Abstract

The detection of paroxysmal atrial fibrillation (AF) in patients requiring a permanent pacemaker for sinus node disease may influence the choice of both pacemaker and programmed mode. While signal-averaged ECG of the P wave (SAEP) during sinus rhythm may detect patients with paroxysmal AF, the value of SAEP in the presence of sinus node disease is unknown. We therefore evaluated SAEP in patients with sinus node disease during sinus rhythm and atrial pacing. We investigated 10 patients with sinus node disease alone (SND), 10 with sinus node disease and paroxysmal AF (SND-PAF), and 20 normal controls (NC) using a P wave specific, signal-averaging system. In sinus rhythm, duration and energy were greater in SND-PAF than in SND and NC (mean [SEM] duration: 153 [4] msec, 140 [4] msec, and 134 [2] msec, P < 0.001; energy from 20-150 Hz: 76 [18] muV2.sec, 48 [7] muV2.sec, and 36 [3] muV2.sec, P = 0.006). Atrial pacing in SND-PAF produced an 11% prolongation of atrial activation but little further abnormality in P wave characteristics.

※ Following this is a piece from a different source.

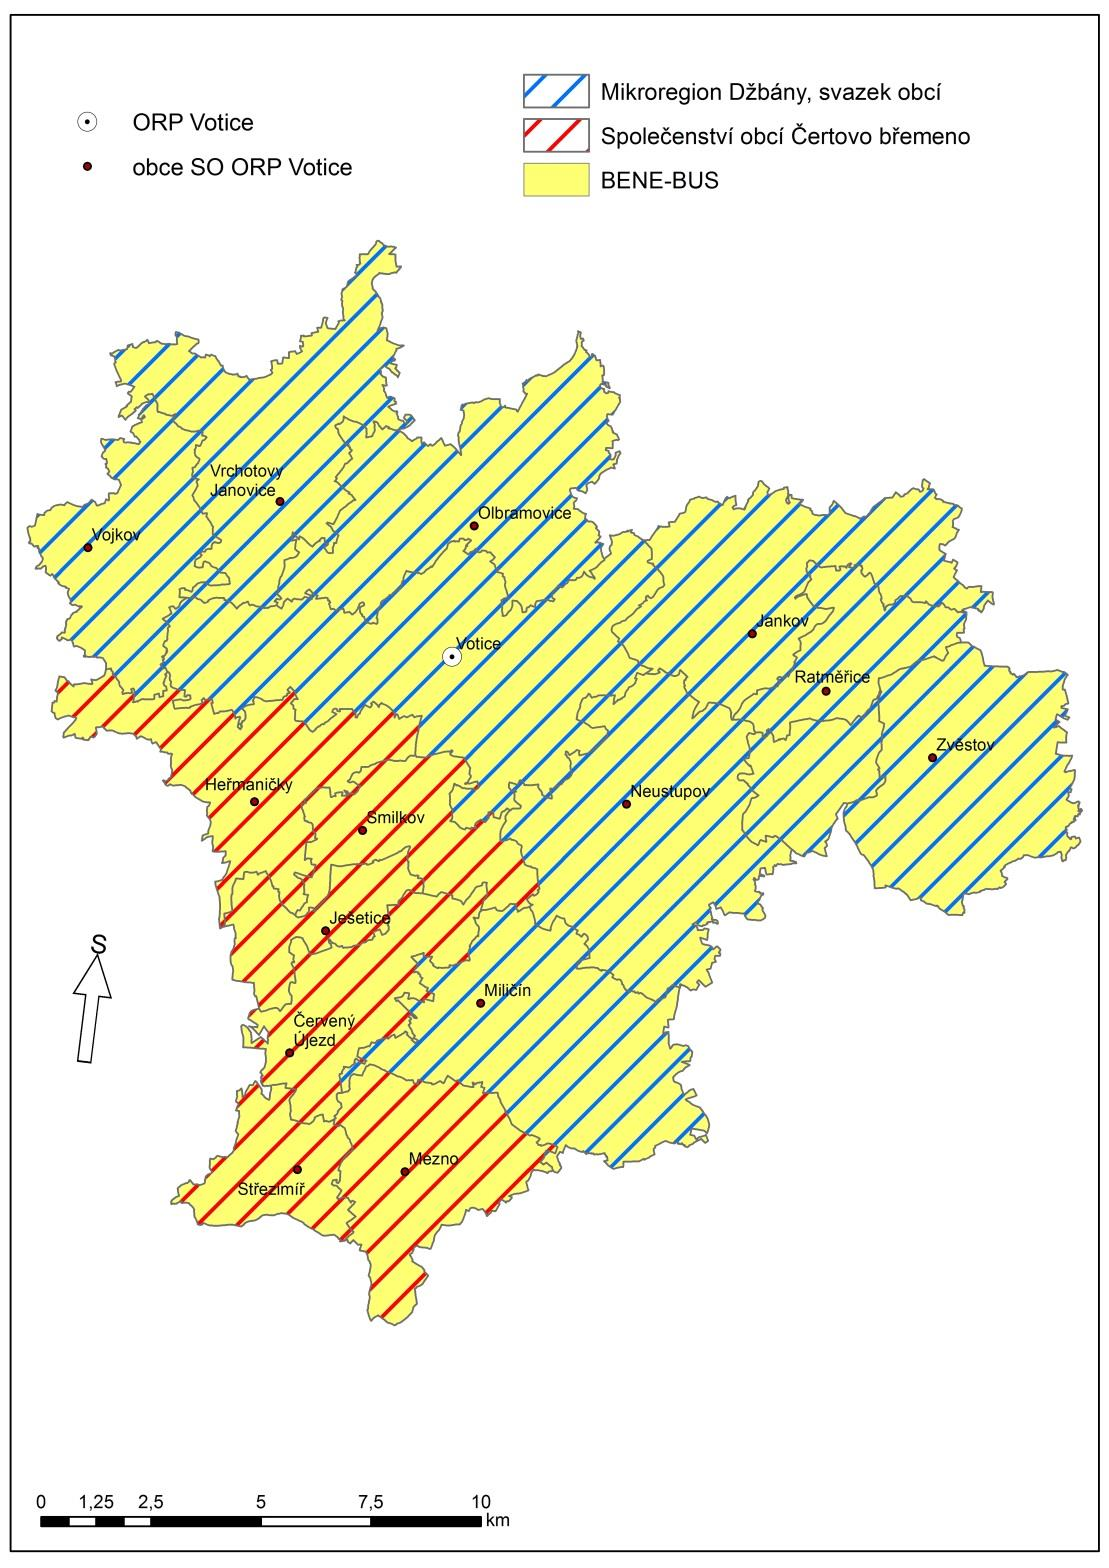 2 Souhrnná zpráva za všechny DSO v území Ve správním obvodu ORP Votice působí 3 dobrovolné svazky obcí (Mikroregion Džbány, svazek obcí; Společenství

In SND, atrial pacing caused a 20% prolongation of the P wave and increased P wave energy to a greater extent than in SND-PAF. We conclude that in patients with SND, atrial activation appears similar to normal controls during sinus rhythm but changes significantly on pacing. In patients with SND-PAF, atrial activation is abnormal during sinus rhythm with little further change when the atrium is paced. SAEP may be useful in detecting a predisposition to paroxysmal AF in the presence of sinus node disease and might help optimize pacemaker prescription.